A Dataflow-Aware Network-on-Interposer for CNN Inferencing in the Presence of Defective Chiplets 在存在缺陷片段的情况下为 CNN 推理设计数据流感知网络对接器

IF 2.7 3区计算机科学 Q2 COMPUTER SCIENCE, HARDWARE & ARCHITECTURE

IEEE Transactions on Computer-Aided Design of Integrated Circuits and Systems

Pub Date : 2024-11-06 DOI: 10.1109/TCAD.2024.3447210

Harsh Sharma;Umit Ogras;Ananth Kalyanraman;Partha Pratim Pande

The emergence of 2.5D chiplet platforms provides a new avenue for compact scale-out implementations of deep learning (DL) workloads (WLs). Integrating multiple small chiplets using a network-on-interposer (NoI) offers not only significant cost reduction and higher manufacturing yield than 2-D ICs but also better energy efficiency and performance. However, defects in chiplets may compromise performance since they restrict the computing capability. Therefore, carefully designed chiplet and NoI link placement, and task mapping schemes, in presence of defects, are necessary. In this article, we propose a defect-aware NoI design approach using a custom-defined space-filling curve (SFC) for efficient execution of mixed WLs of convolutional neural network (CNN) inference tasks. We demonstrate that the k-ary n-cube-based NoI topologies can be degenerated into SFC-based counterparts, which we refer to as SFCed NoI topologies. They enable high performance and energy efficiency with lower fabrication costs over their parent k-ary n-cube counterparts. The SFCed approach helps us to extract high performance from an inherently defective system. We demonstrate that SFCed design achieves up to

$2.3times $

and

$3.5times $

reduction in latency and energy, respectively, compared to parent NoI architectures while executing diverse DL WLs.

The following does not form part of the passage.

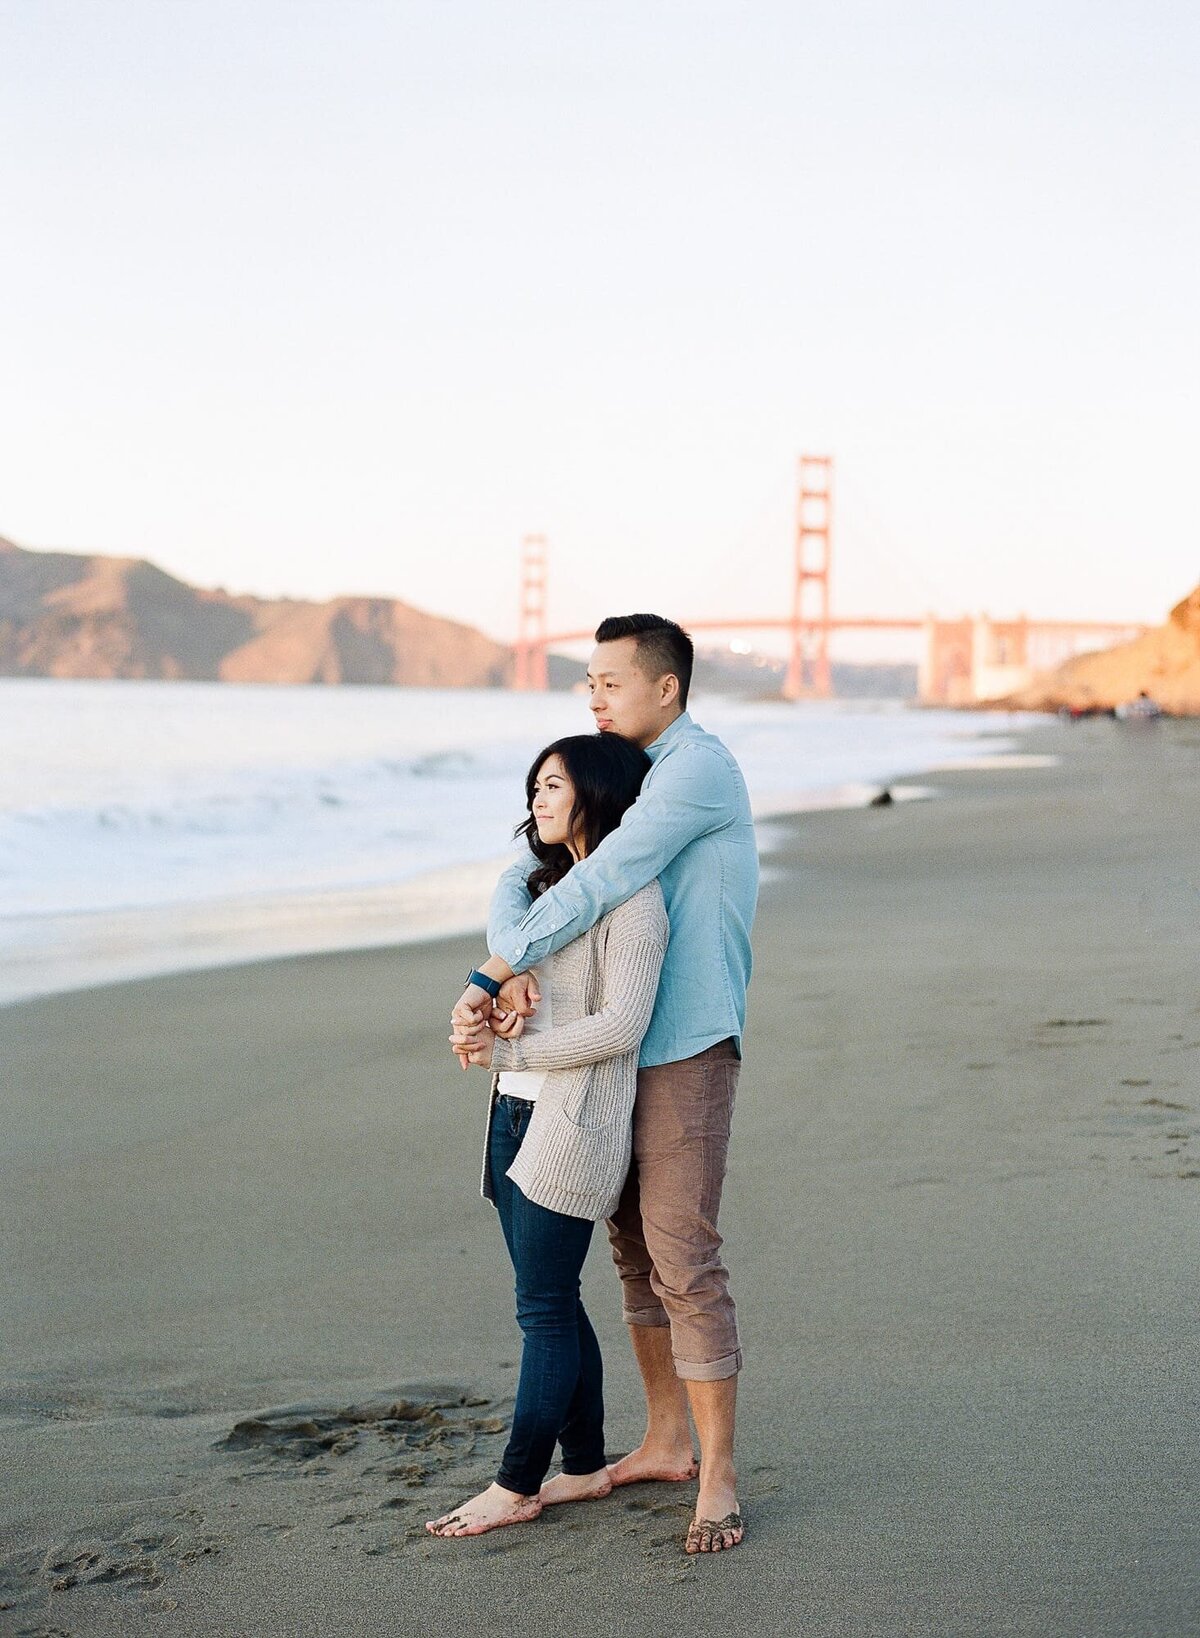 Best laid-back couple portrait photographer in San Francisco. Lady watches the sunset at the beach while her lover hugs her from behind.

2.5D 芯片平台的出现为深度学习（DL）工作负载（WL）的紧凑型扩展实施提供了一条新途径。与二维集成电路相比，利用网络集成器（NoI）集成多个小型芯片不仅能显著降低成本、提高制造良率，还能提高能效和性能。然而，芯片中的缺陷可能会影响性能，因为它们限制了计算能力。因此，在存在缺陷的情况下，有必要精心设计芯片和 NoI 链路布局以及任务映射方案。在本文中，我们提出了一种缺陷感知 NoI 设计方法，使用自定义空间填充曲线（SFC）高效执行卷积神经网络（CNN）推理任务的混合 WL。我们证明，基于 k-ary n 立方体的 NoI 拓扑可以退化为基于 SFC 的对应拓扑，我们称之为 SFCed NoI 拓扑。与kary n立方体拓扑相比，SFCed NoI拓扑能以更低的制造成本实现更高的性能和能效。SFCed 方法有助于我们从固有缺陷的系统中提取高性能。我们证明，与父 NoI 架构相比，SFCed 设计在执行多样化的 DL WL 时，延迟和能耗分别降低了 2.3 倍和 3.5 倍。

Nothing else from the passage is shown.